## Supplied data
★ ★ ★ ★

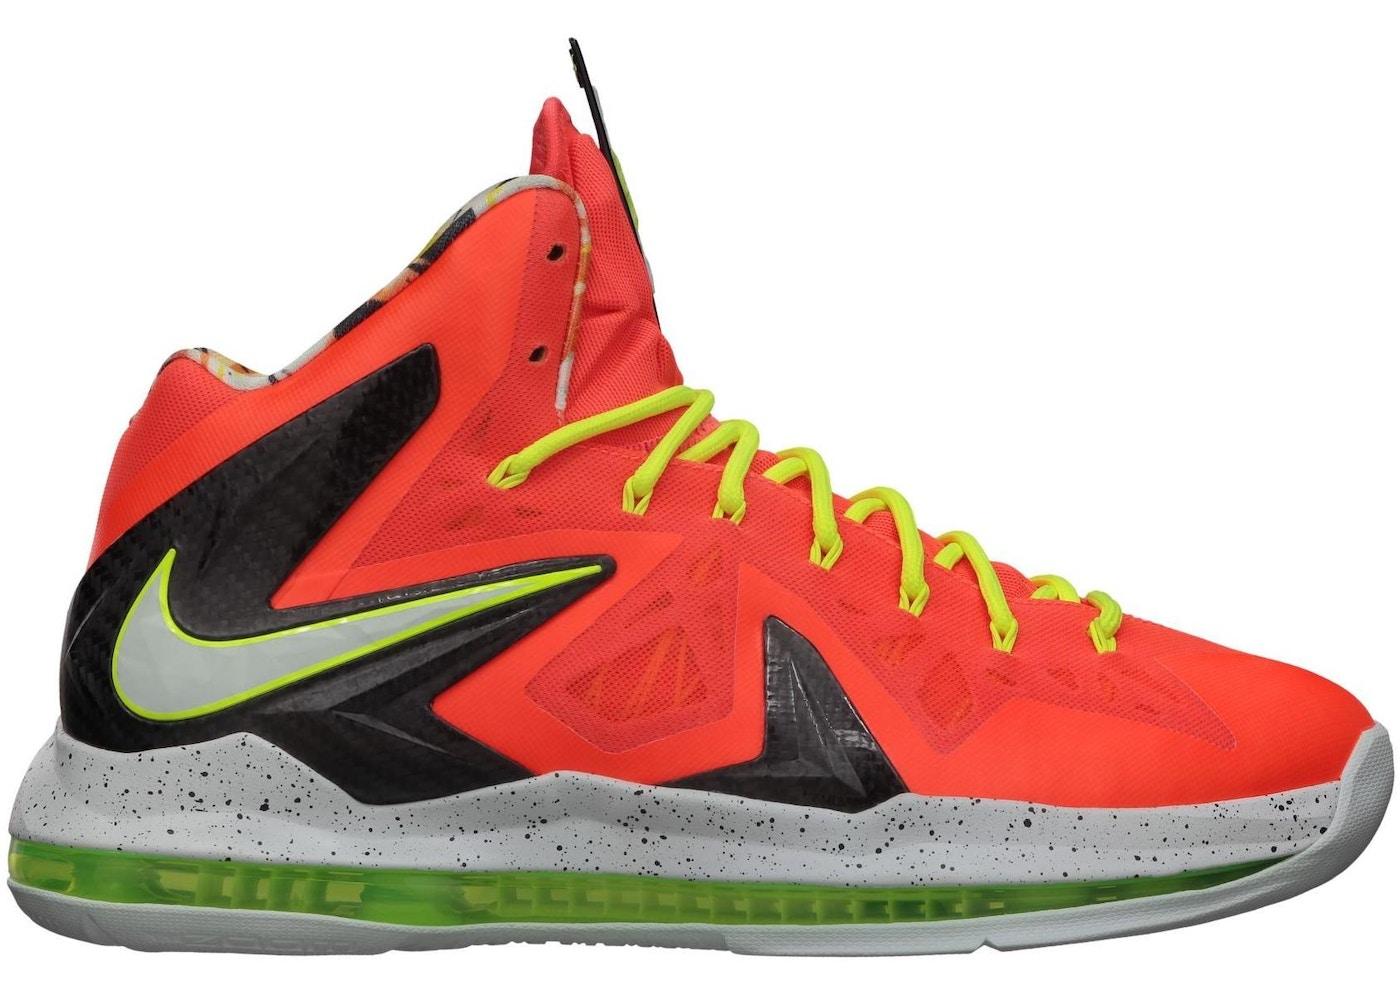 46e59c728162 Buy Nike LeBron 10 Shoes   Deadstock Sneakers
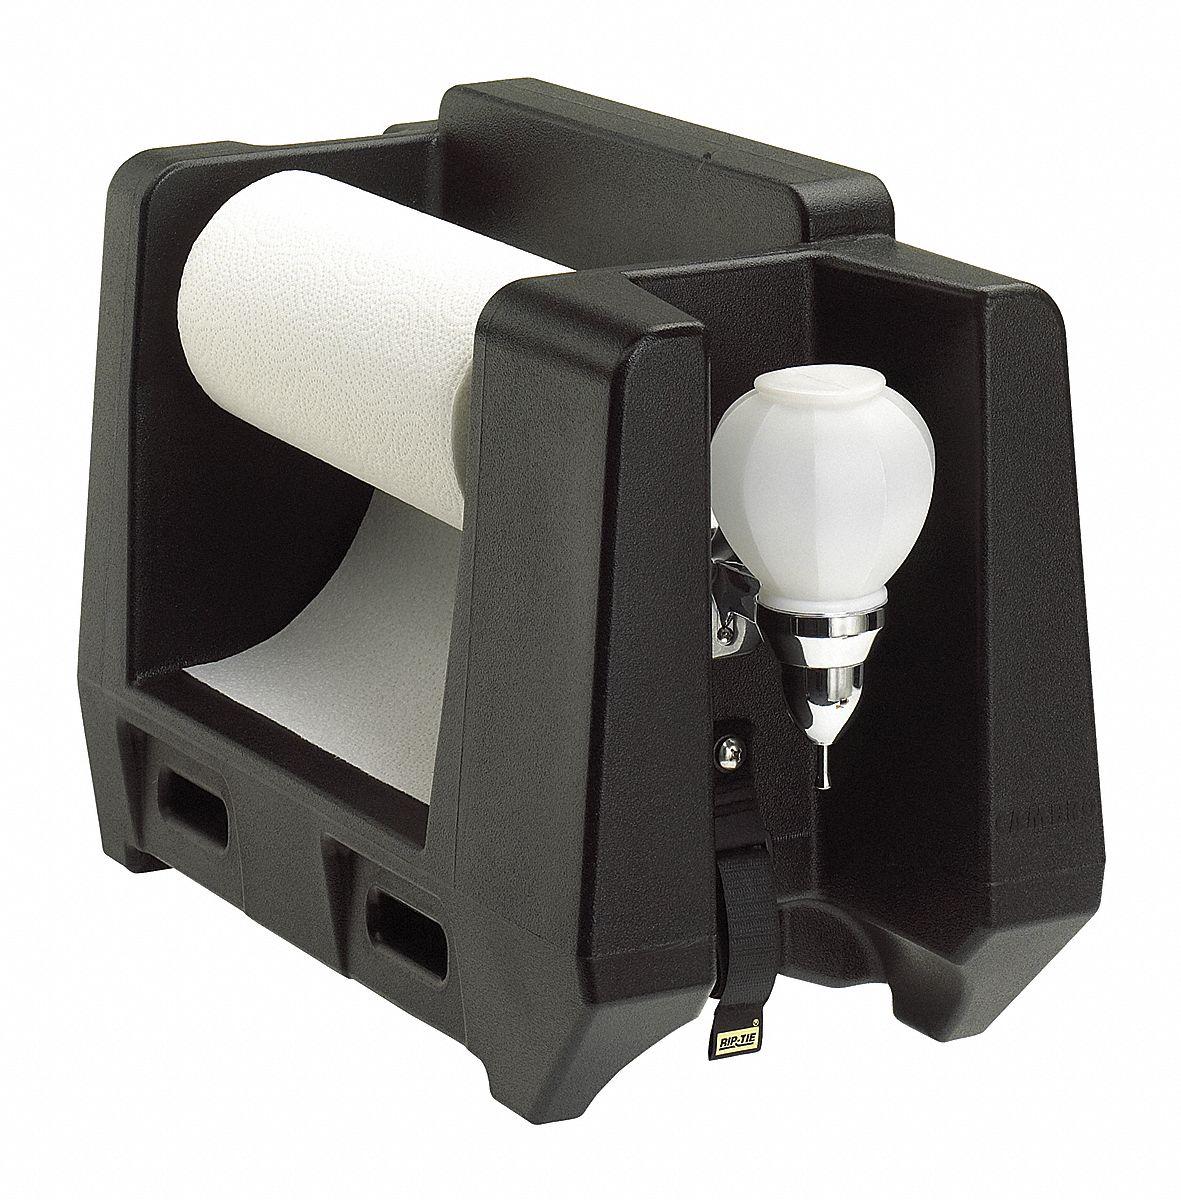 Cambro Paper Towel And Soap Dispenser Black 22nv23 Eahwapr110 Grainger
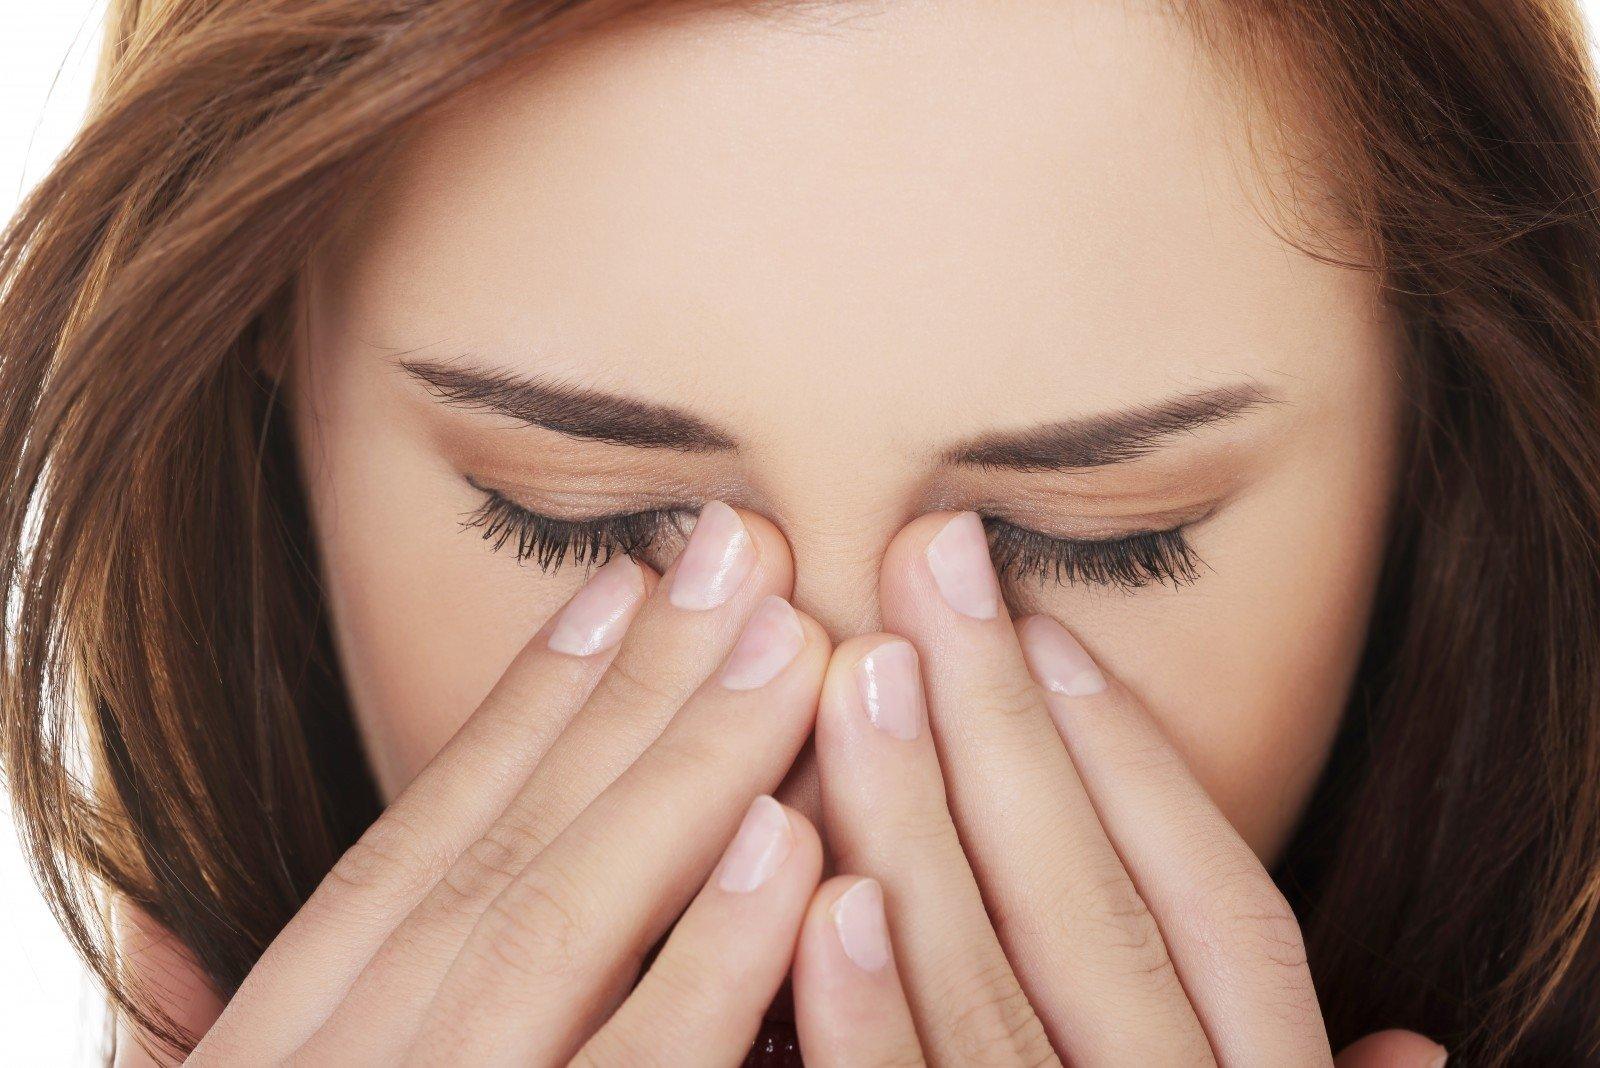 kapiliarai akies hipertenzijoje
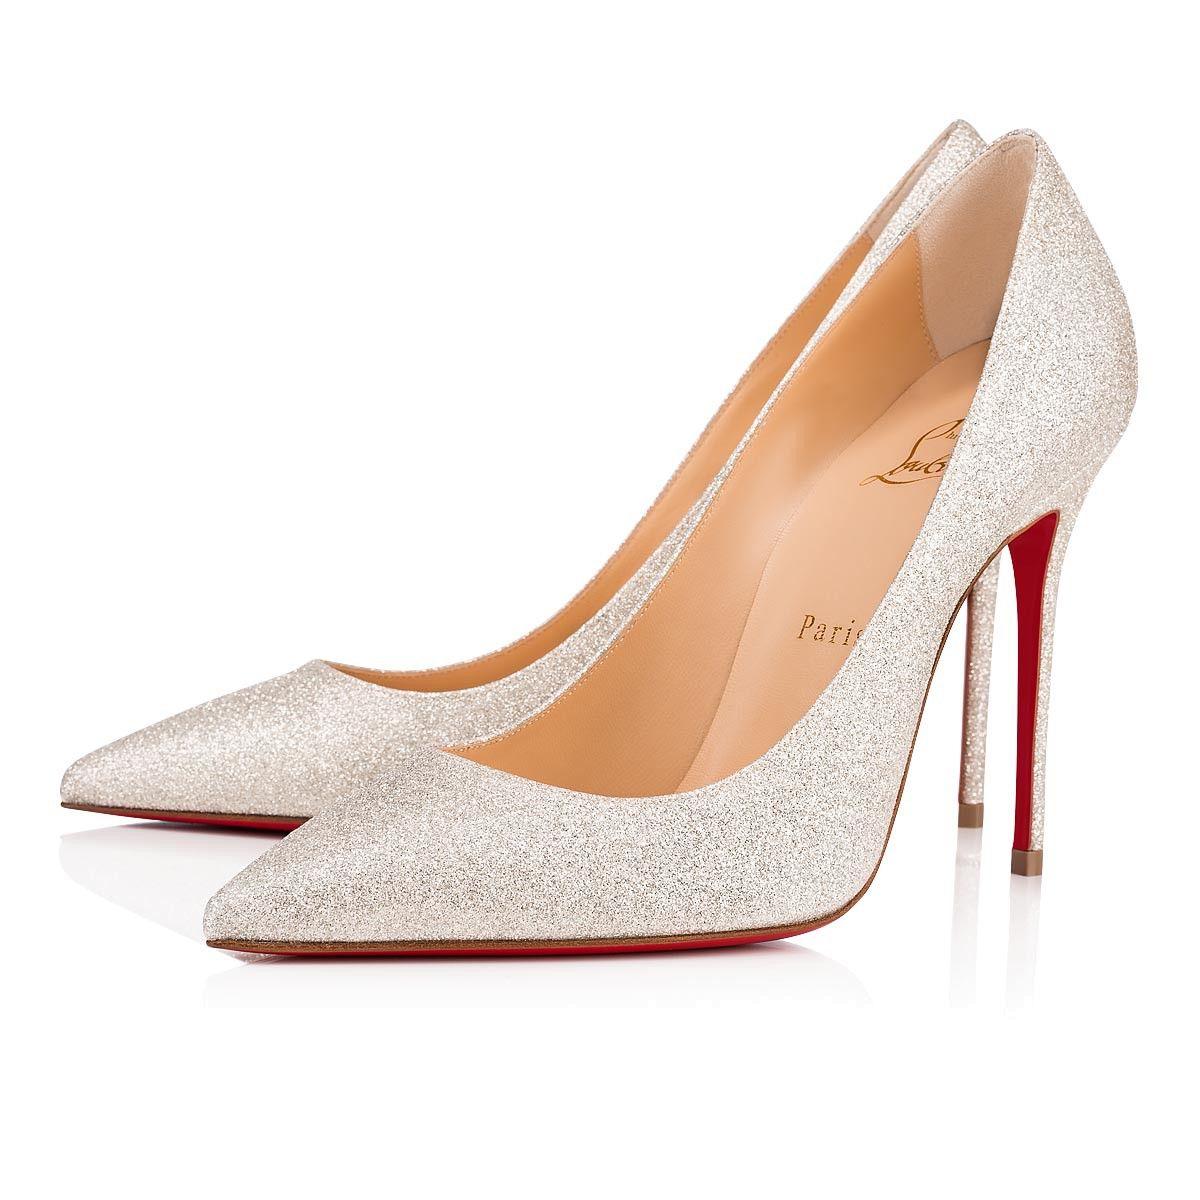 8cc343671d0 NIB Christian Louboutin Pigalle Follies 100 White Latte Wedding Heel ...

★ ★ ★ ★

## What to work on
Your output must reproduce the material above in full, with no pictures.

## Answer to this problem
 46e59c728162 Buy Nike LeBron 10 Shoes   Deadstock Sneakers
 Cambro Paper Towel And Soap Dispenser Black 22nv23 Eahwapr110 Grainger
 kapiliarai akies hipertenzijoje
 8cc343671d0 NIB Christian Louboutin Pigalle Follies 100 White Latte Wedding Heel ...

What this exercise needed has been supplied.